Repeat the lines below exactly as they appear, but leave out the images.

** PROVIDED DATA follows **

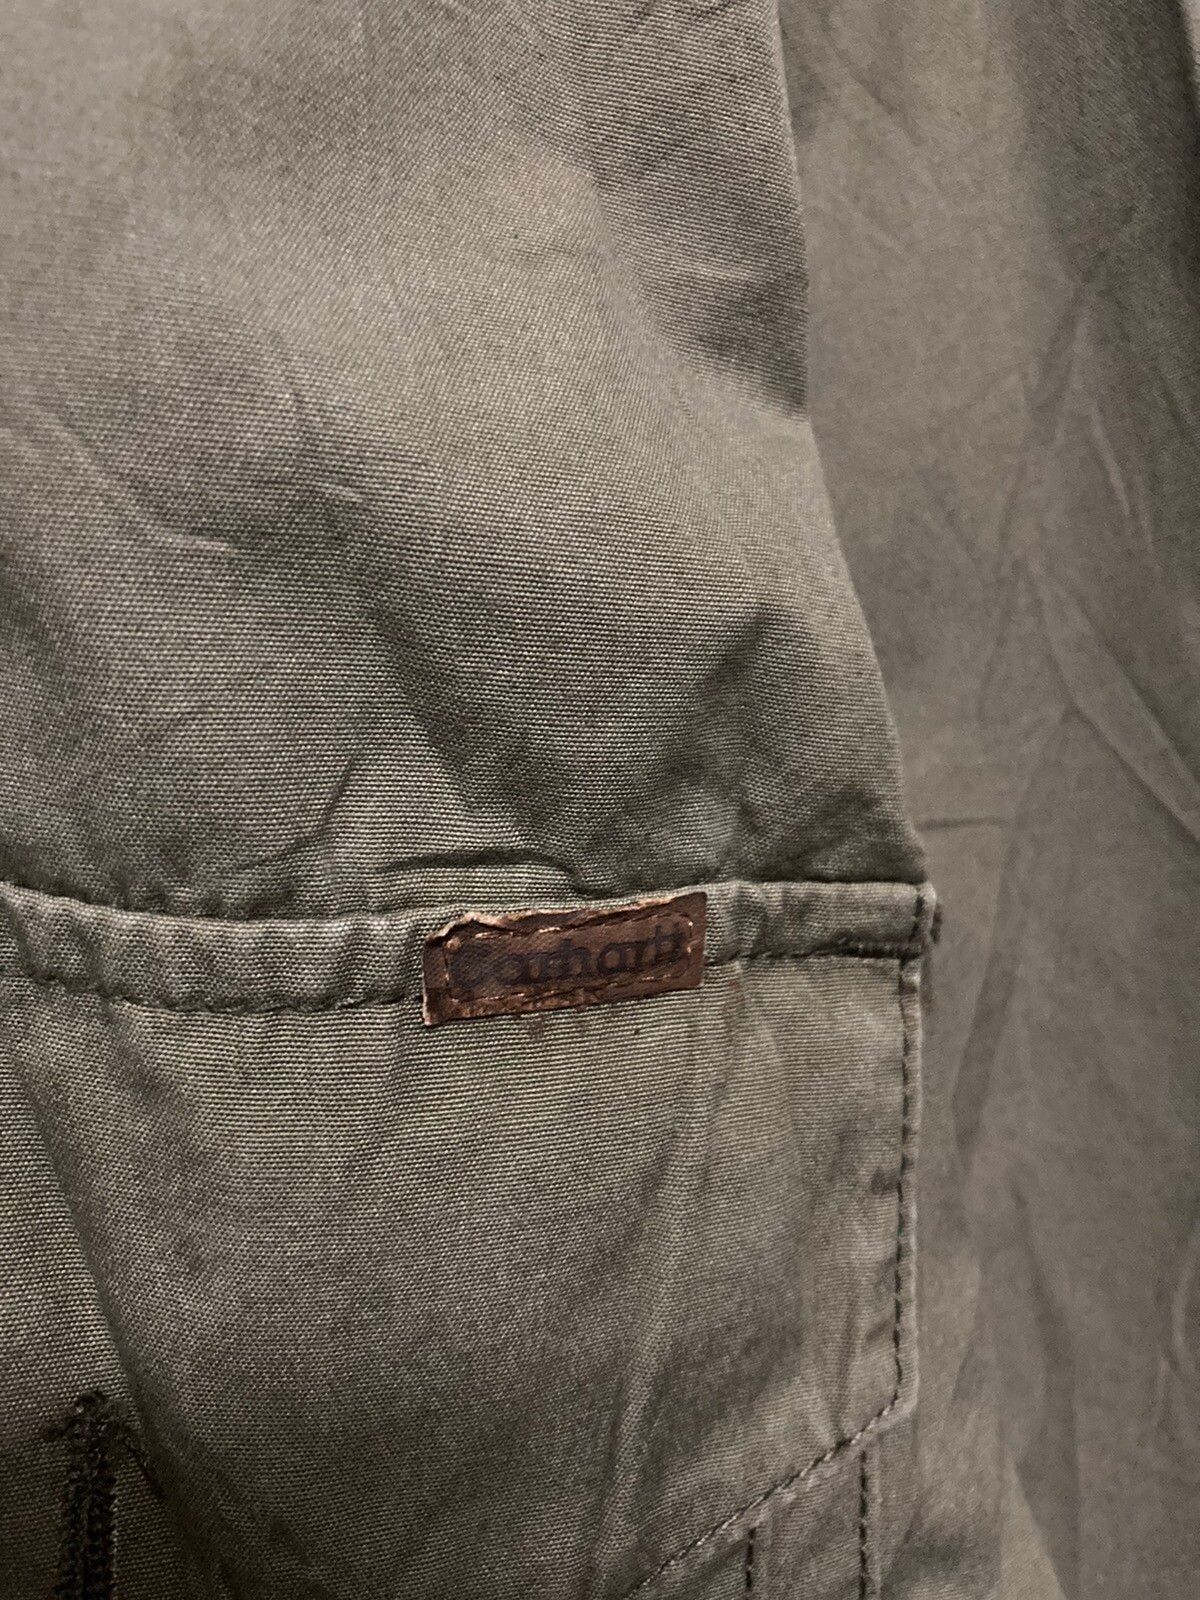 Carhartt Button Up Long Sleeve Shirt - 7
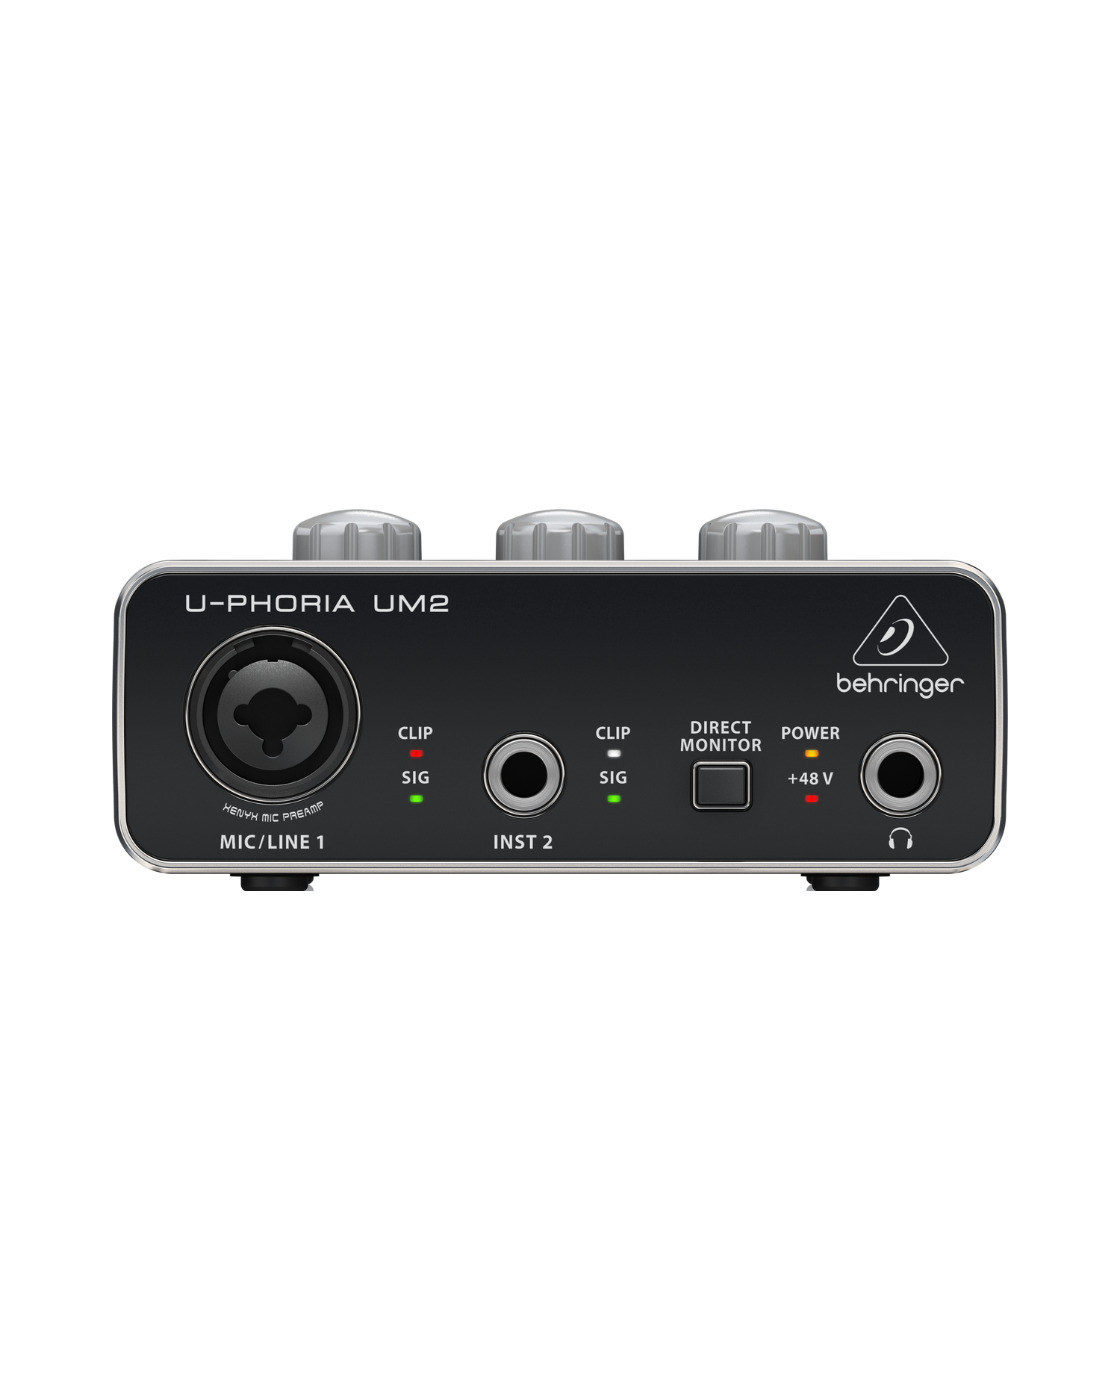 Behringer U-Phoria UM2 2 x 2 Audio Interface With USB 2.0
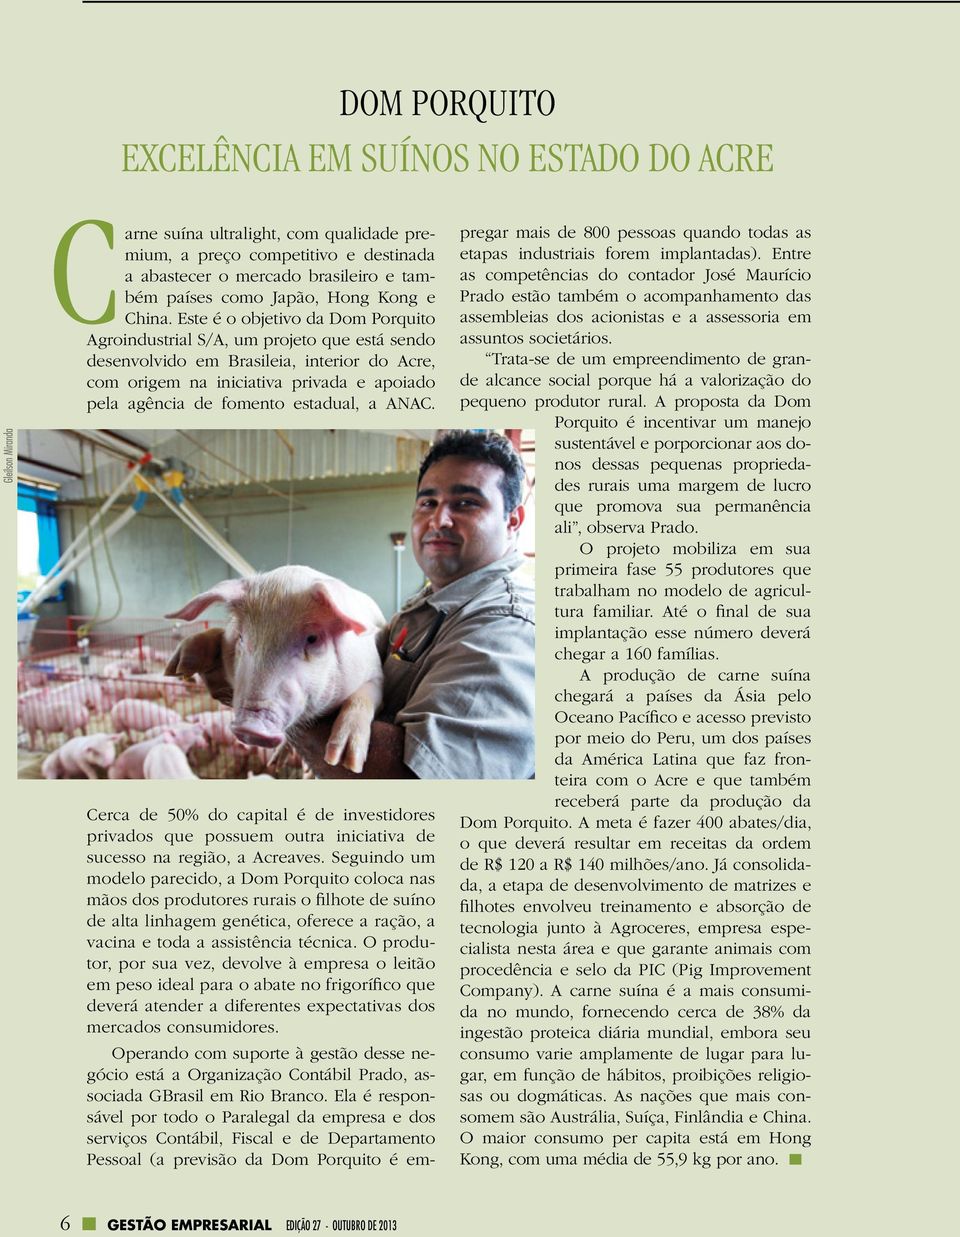 Este é o objetivo da Dom Porquito Agroindustrial S/A, um projeto que está sendo desenvolvido em Brasileia, interior do Acre, com origem na iniciativa privada e apoiado pela agência de fomento

** End of PROVIDED DATA **

## [YOUR RESPONSE]
 Carhartt Button Up Long Sleeve Shirt - 7
 Behringer U-Phoria UM2 2 x 2 Audio Interface With USB 2.0
 Este é o objetivo da Dom Porquito Agroindustrial S/A, um projeto que está sendo desenvolvido em Brasileia, interior do Acre, com origem na iniciativa privada e apoiado pela agência de fomento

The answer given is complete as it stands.